The stabilized liquid membrane device (SLMD) is a passive, integrative sampler that provides an alternative or complementary approach to the conventional water sampling of aqueous metals. The simple device is composed of nonporous low-density plastic lay-flat tubing, which is filled with a chemical mixture containing a chelating agent (metal-binding agent) and a long chain organic acid. The water-insoluble chelating agent-organic acid mixture diffuses in a controlled manner to the exterior surface of the sampler membrane and binds to environmental metals. In practice, the SLMD provides for continuous sequestration of bioavailable forms of trace metals, such as, cadmium (Cd), cobalt (Co), copper (Cu), nickel (Ni), lead (Pb), and zinc (Zn). The SLMD can also be utilized for in-laboratory preconcentration and speciation of bioavailable trace metals from grab water samples.
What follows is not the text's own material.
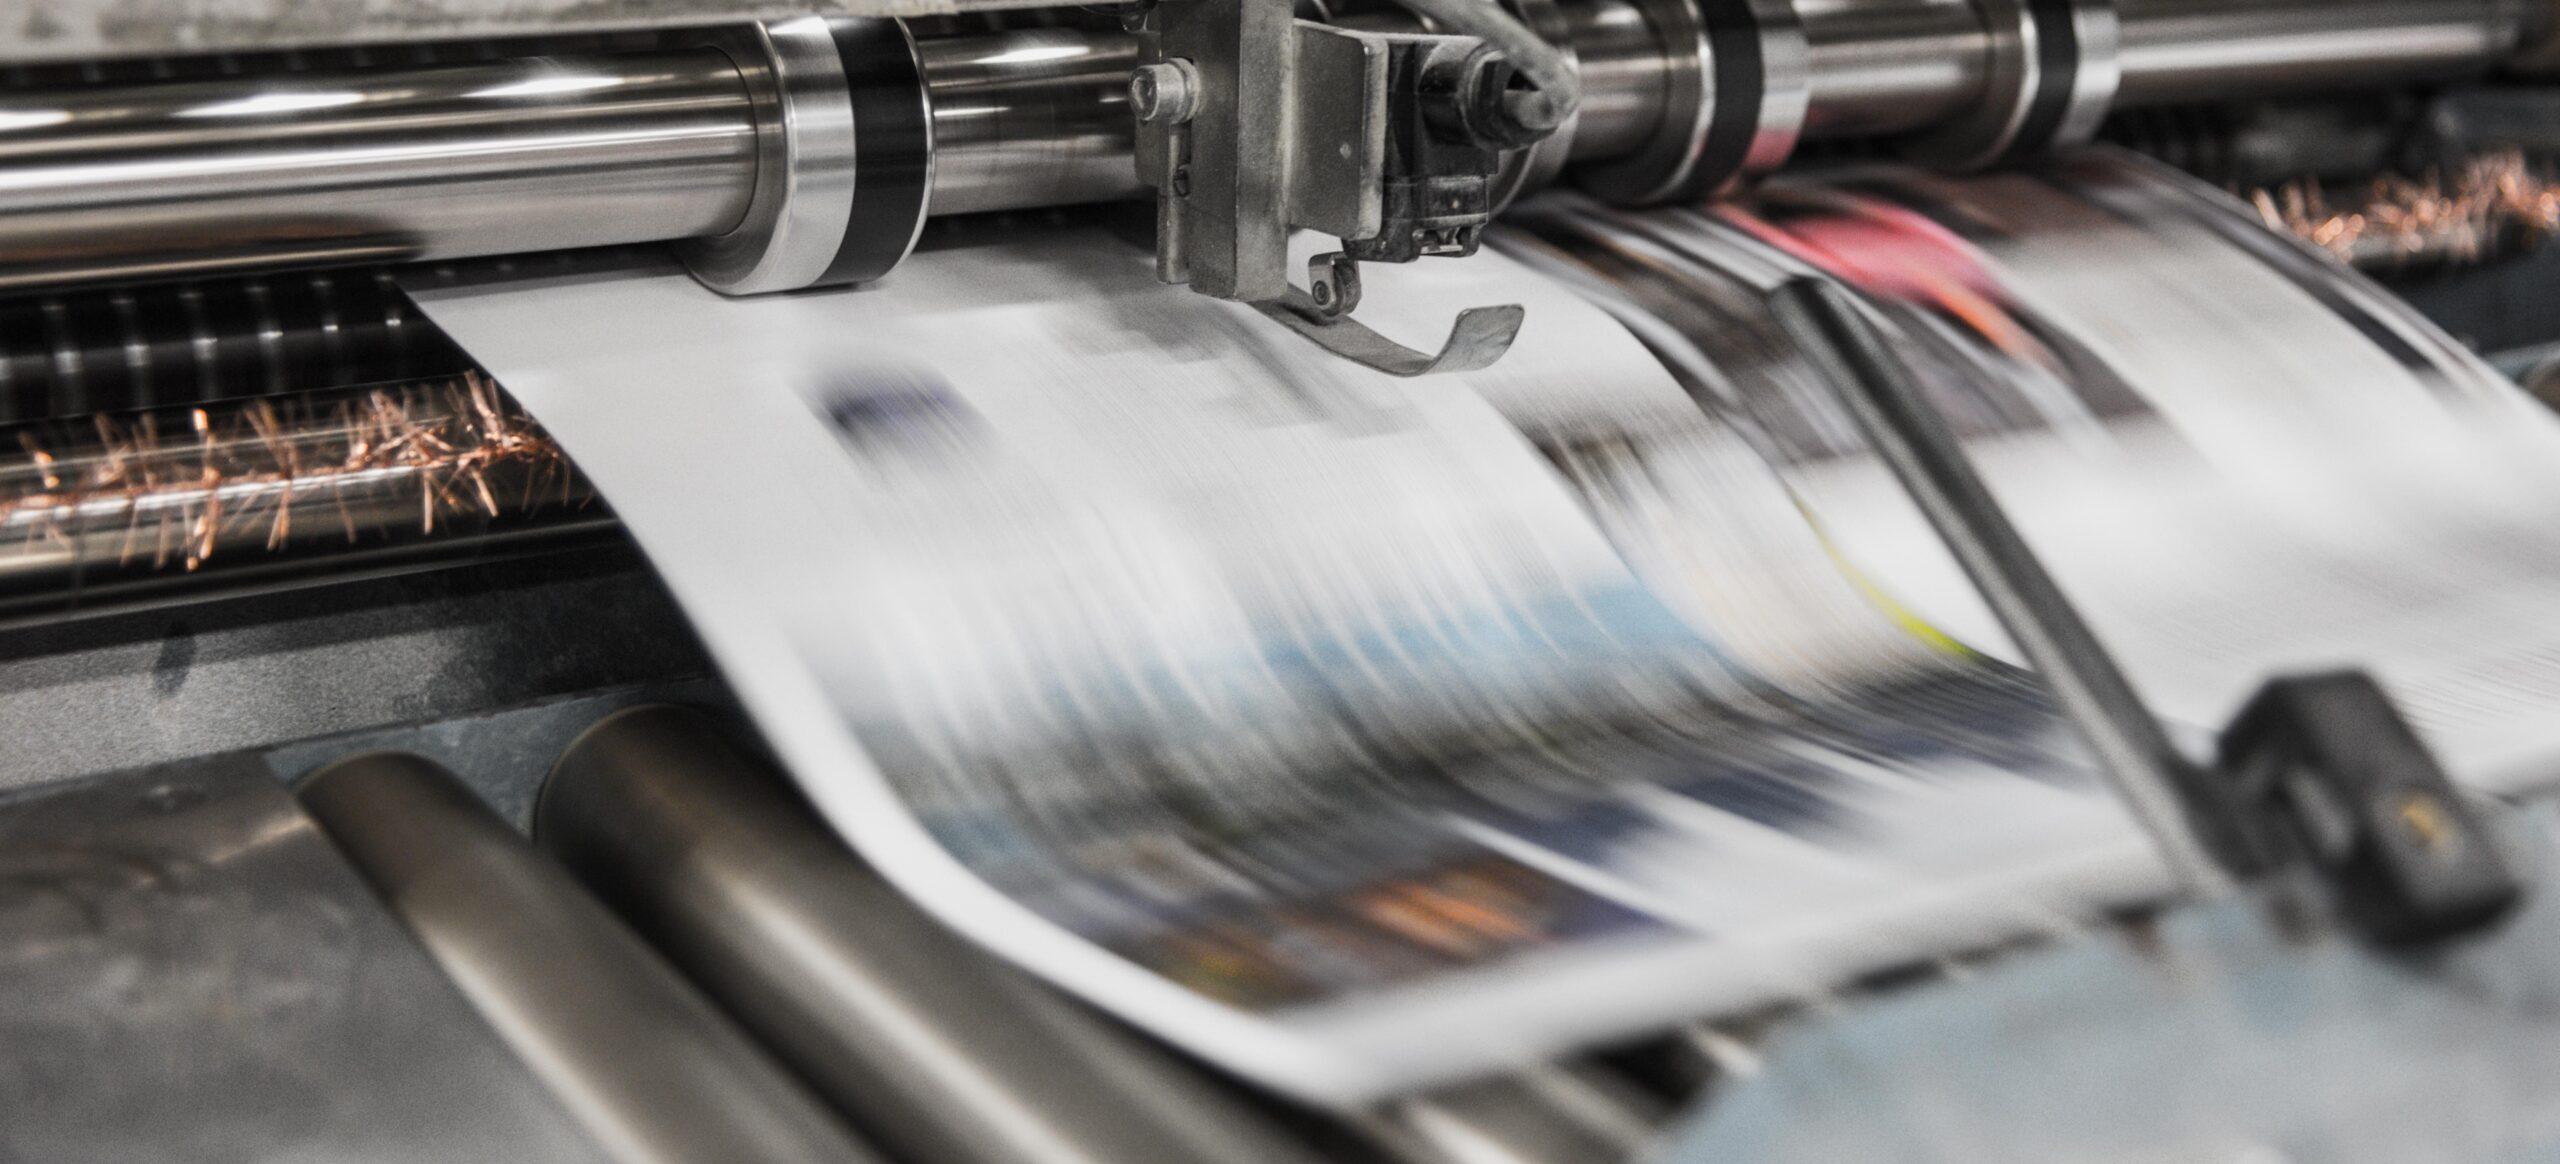 Newspaper printing press - Rachel Writes blog 'I'm a small business, do I need to write press releases?'

Use in environmental metal toxicology

Exposure to ionic metals has been shown to result in deleterious effects for aquatic organisms and may induce oxidative stress, cause DNA damage, and decrease enzyme activity. In contrast, some metals under certain environmental conditions have potential moderating effects on other more toxic metals; one example being zinc (Zn), which has been shown to reduce copper (Cu) toxicity when both metals are present. Given that the presence of particular aqueous metals may have a wide array of effects on organisms, aquatic toxicologists have developed various methods for sampling them.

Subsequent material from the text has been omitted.